Les 35 dernières années furent un tournant important pour l’histoire de
notre mouvement.
1968:
Création de l’American Indian Movement (AIM) à Minneapolis (Minnesota).
Inspiré
des Blacks Panthers, l’AIM fonda un centre communautaire, fournit de
l’aide pour les recherches d’emploi et de logement ainsi qu’une aide
juridique, organisa des manifestations et créa une patrouille de
copwatching.
Bien
qu’étant le plus populaire, l’AIM ne représentait qu’une part d’un
large mouvement de résistance alors émergeant, parfois regroupé sous le
terme “Red Power”.
À
Kahnawake fût créée la Mohawk Singing Society, qui deviendra ensuite la
Mohawk Warrior Society.
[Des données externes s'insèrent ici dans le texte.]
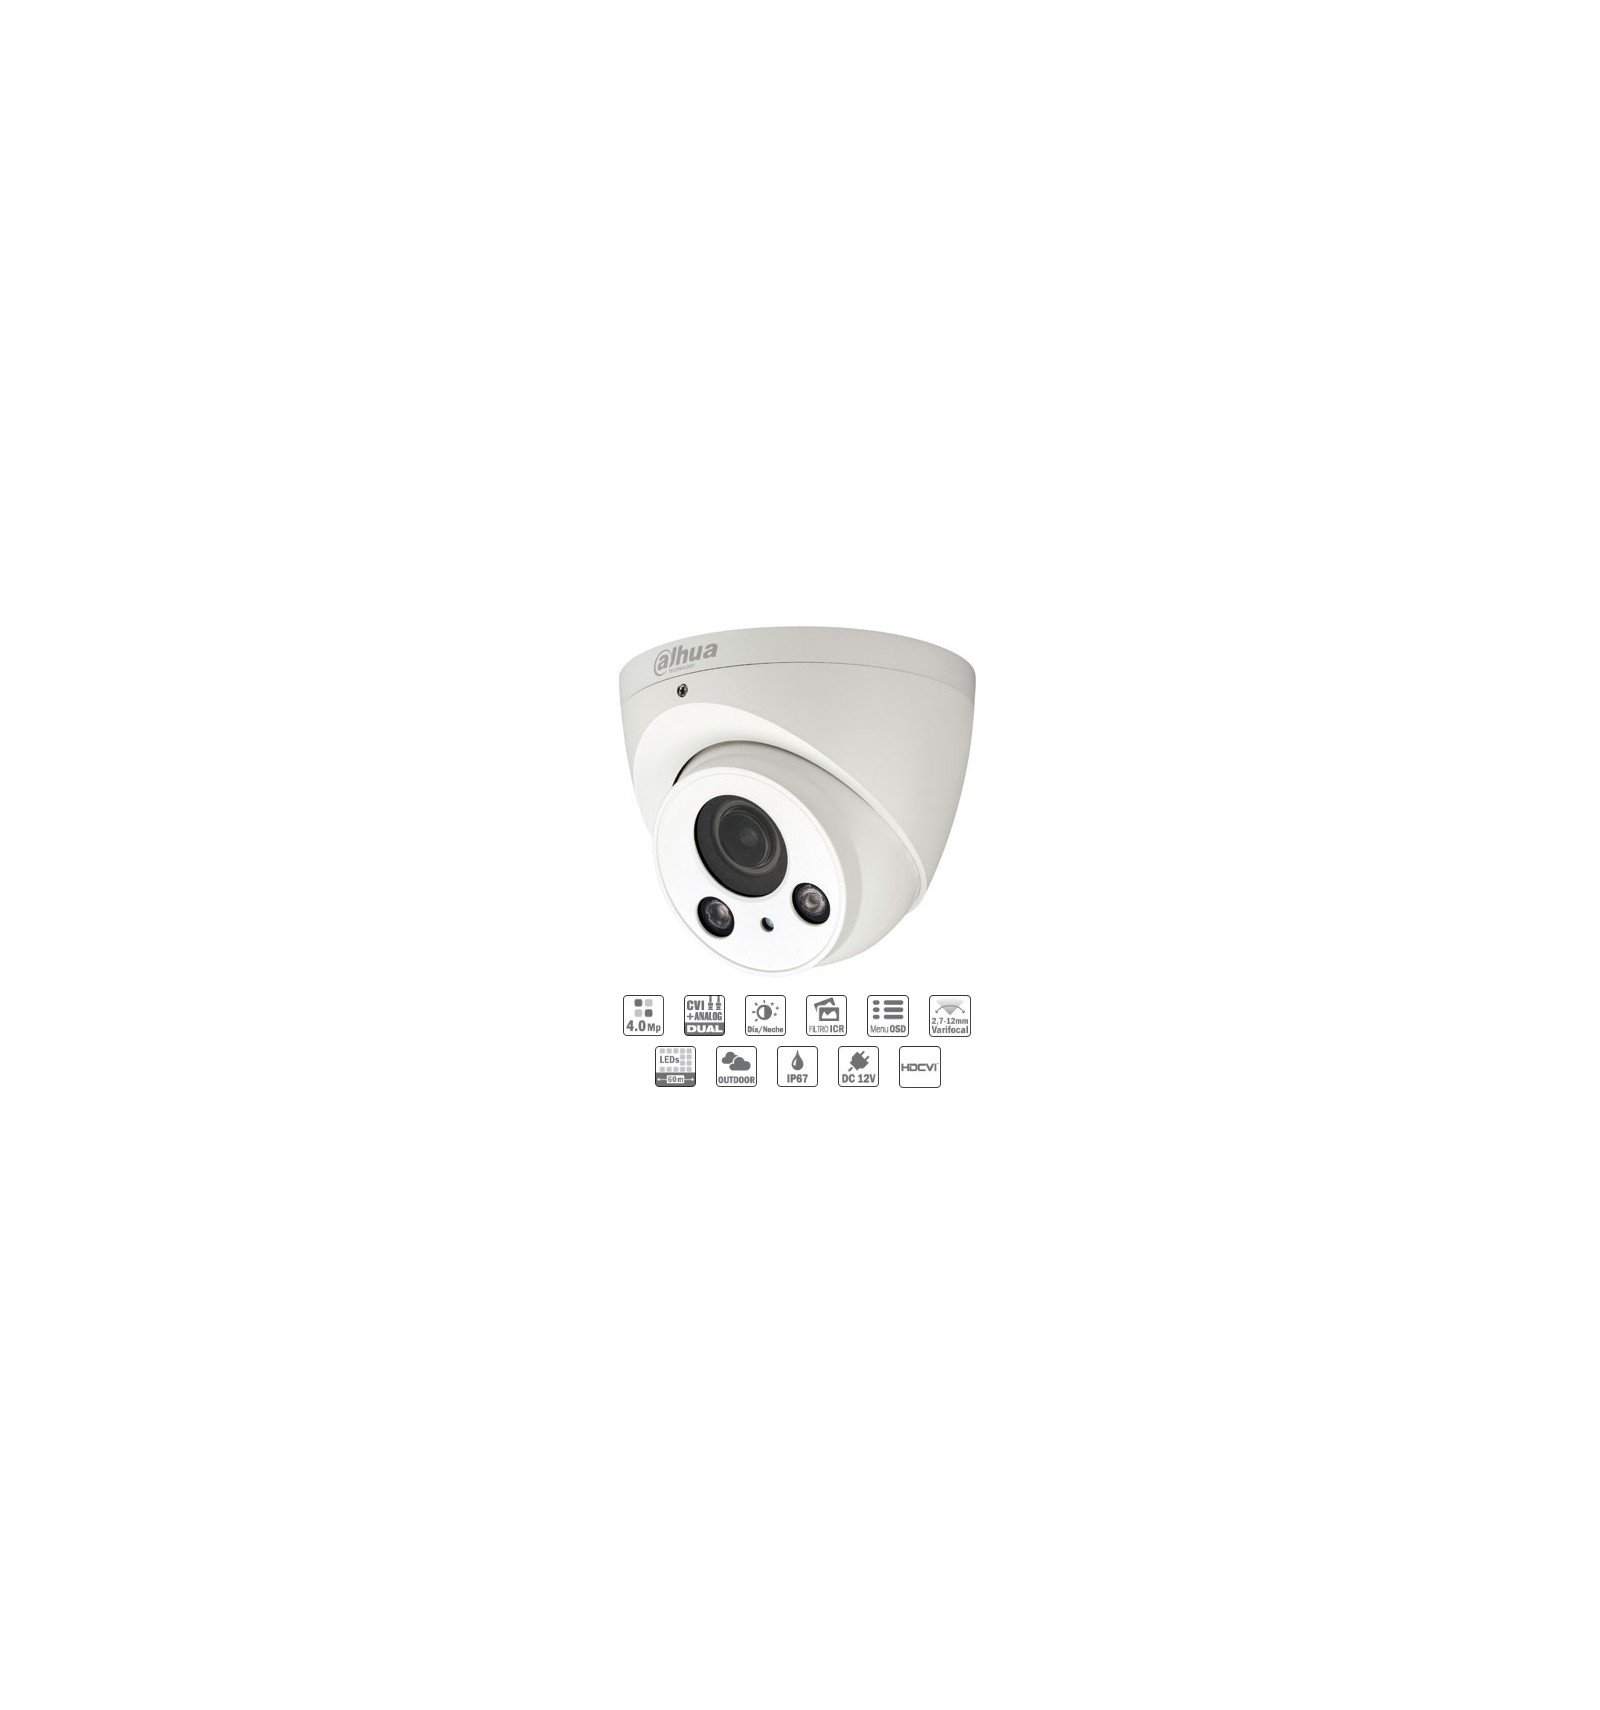 Camara de vigilancia exterior domo hdcvi 4 mp 60 metros for Camara vigilancia exterior

Elle prit part à des manifestations et
ré-occupations de terres. Le pont “Seaway International” fut bloqué à
Akwesasne afin d’obtenir la reconaissance du Traité Jay, protestation
qui s’acheva par une intervention policière et de nombreuses
arrestations.
1969:
Occupation
de l’île d’Alcatraz (Baie de San Francisco) pendant 19 mois. Pour la
première fois, la protestation des Premières Nations bénéficia d’une
couverture médiatique nationale et internationale. Des centaines
d’autochtones (pour la plupart urbaniséEs et en quête d’identité) y
participèrent. Cette action servit d’inspiration à travers toute
l’Amérique du Nord ; elle donna lieu à une recrudescence des
occupations de terres.
1970:
L’AIM
s’opposa et perturba la reconstitution de l’accostage du Mayflower à
Plymouth Rock (Massachaussettes). Ce mouvement attira l’attention du
pays tout entier, et permit à l’AIM de prendre de l’ampleur.
1971:
COINTEL-PRO/
En
Pensylvannie, une personne s’introduisit par effraction dans un bureau
du FBI et y déroba des documents révélant l’existence d’un programme de
surveillance et de répression de divers mouvements de contestation aux
USA (Counter Intelligence Program). Ce programme incluait
emprisonnements et attaques, pouvant aller jusqu’à être meurtrières. Autour de 1973, l’AIM devint la cible principale du FBI COINTEL-PRO.
1972:
L’AIM et d’autres
collectifs des Premières Nations organisèrent la “Caravane des Traités
Brisés” (Trail of Broken Treaties) partant de la côte Ouest jusqu’à
Washington. Plusieurs milliers de personnes arrivèrent ainsi à
Washington, et se virent refuser le dialogue par les autorités. La
caravane occupa alors le QG du Bureau des Affaires Indiennes pendant 6
jours, dégradant largement les locaux et subtilisant des milliers de
fichiers.
En février, Raymond
Yellow Thunder fut tué par des colons à Gordon (Nebraska). Ceux-ci
furent accusés de meurtre puis relâchés sans caution. L’AIM organisa
manifestations et boycotts pendant plusieurs jours ; ils/ellEs
obtinrent ainsi leurs condamnations et la radiation du chef de la
police. Yellow Thunder était originaire de Pine Ridge ; cet “incident”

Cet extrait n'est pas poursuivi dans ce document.